## [Exercise aim]
Return each line of the listing exactly, though without its images.

## [Information shown]
=== Section Start ===
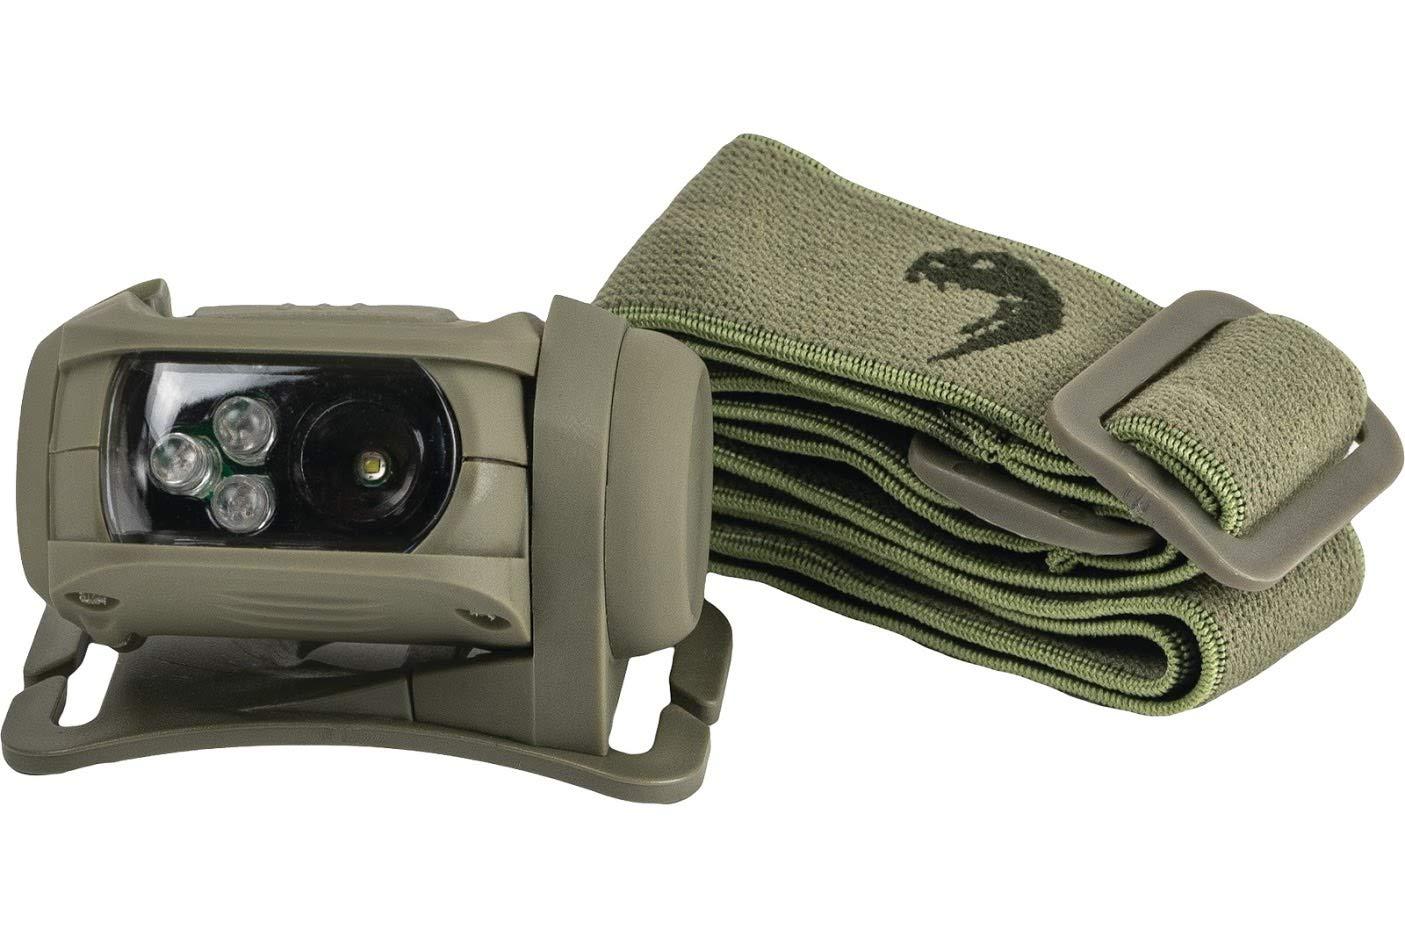 Viper TACTICAL Special Ops Verde Linterna Frontal
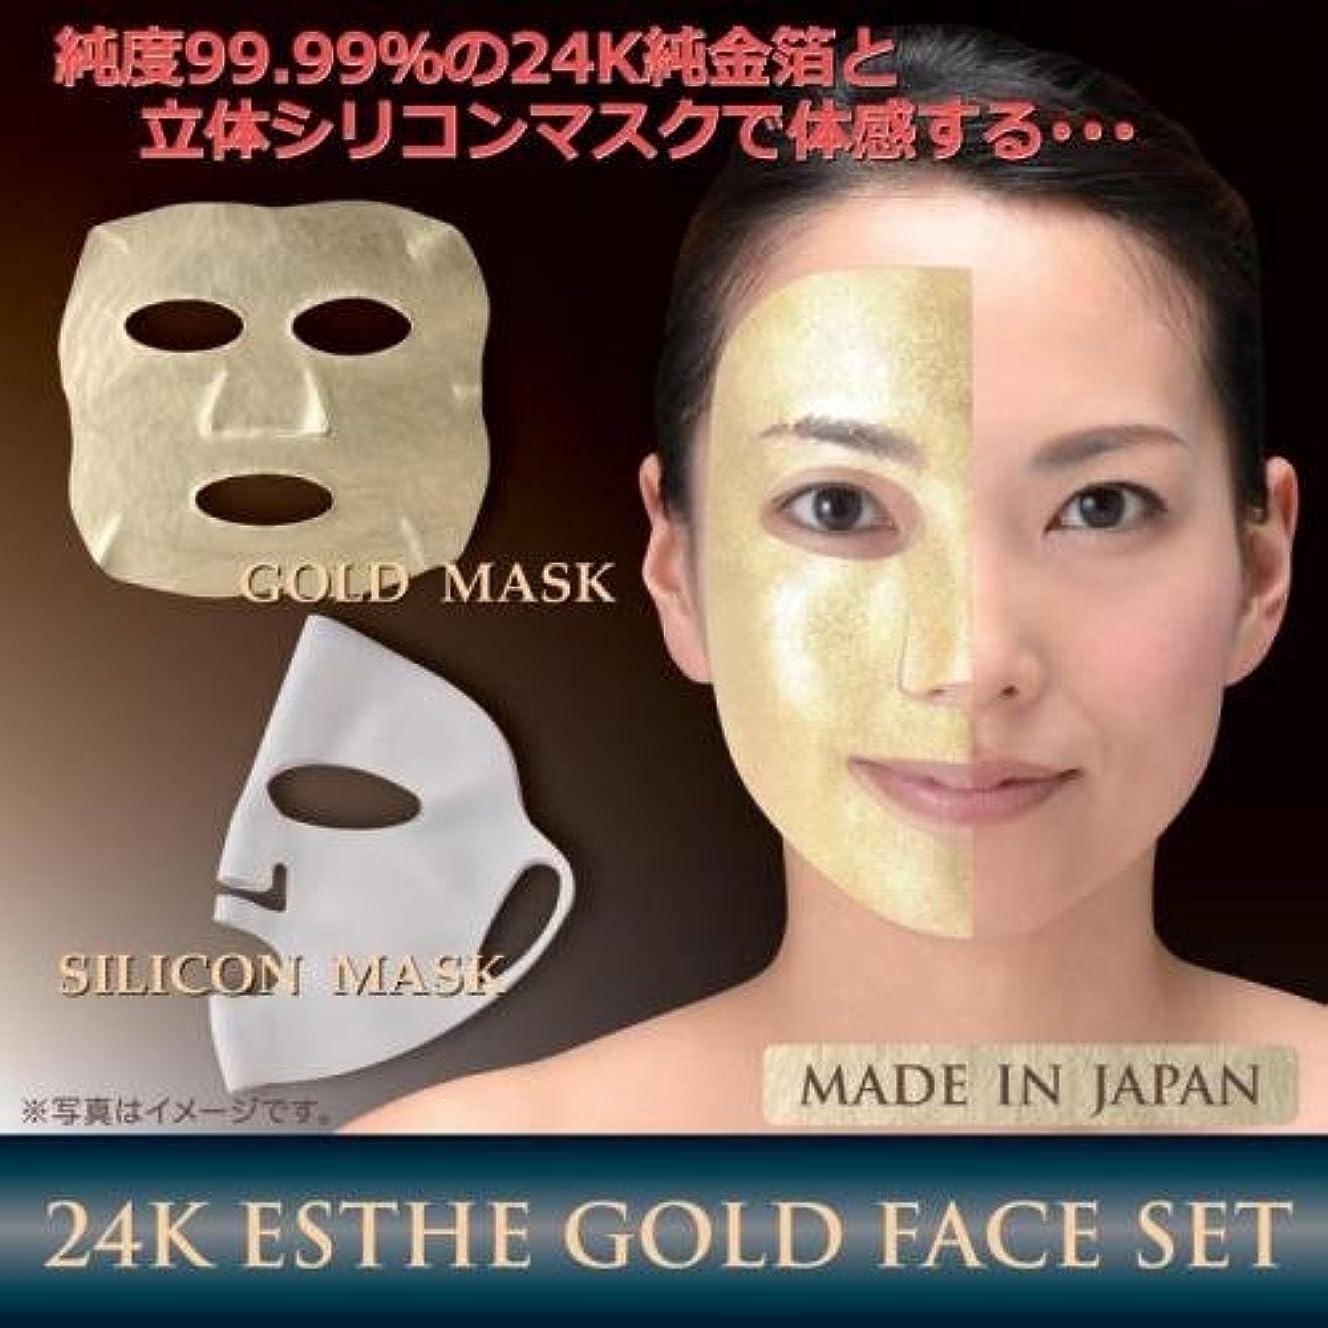 地上のピケ階下後藤 24K エステゴールドフェイス セット 金箔マスク×1、シリコンマスク×1
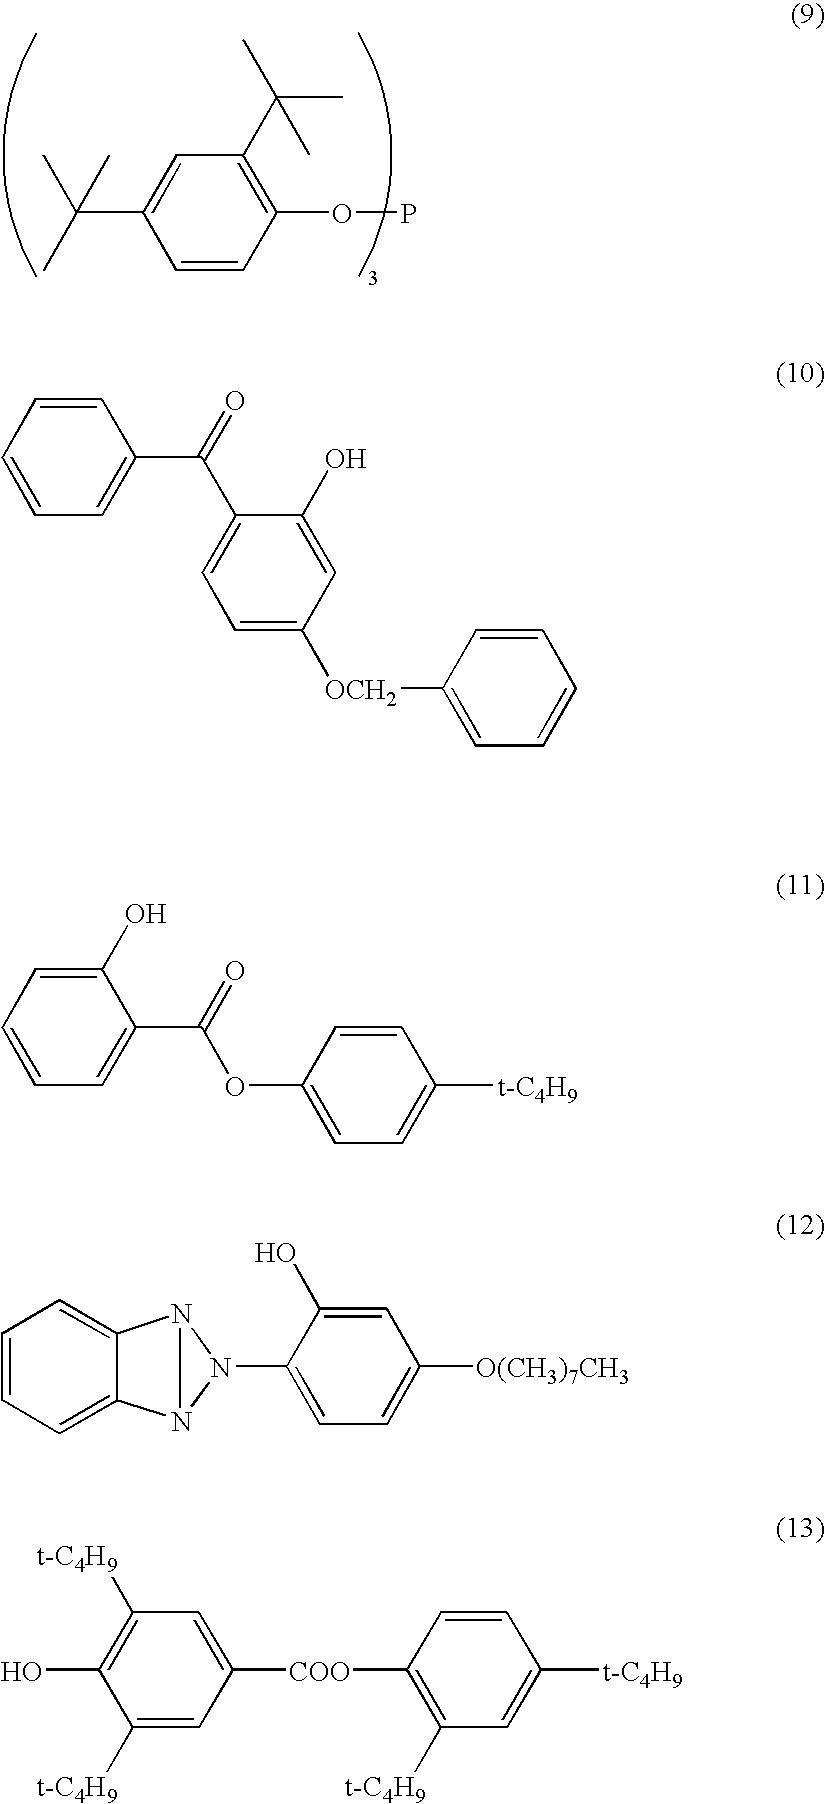 Figure US07297365-20071120-C00011
=== Section End ===
## [Output for this exercise]
 Viper TACTICAL Special Ops Verde Linterna Frontal
 地上のピケ階下後藤 24K エステゴールドフェイス セット 金箔マスク×1、シリコンマスク×1
 Figure US07297365-20071120-C00011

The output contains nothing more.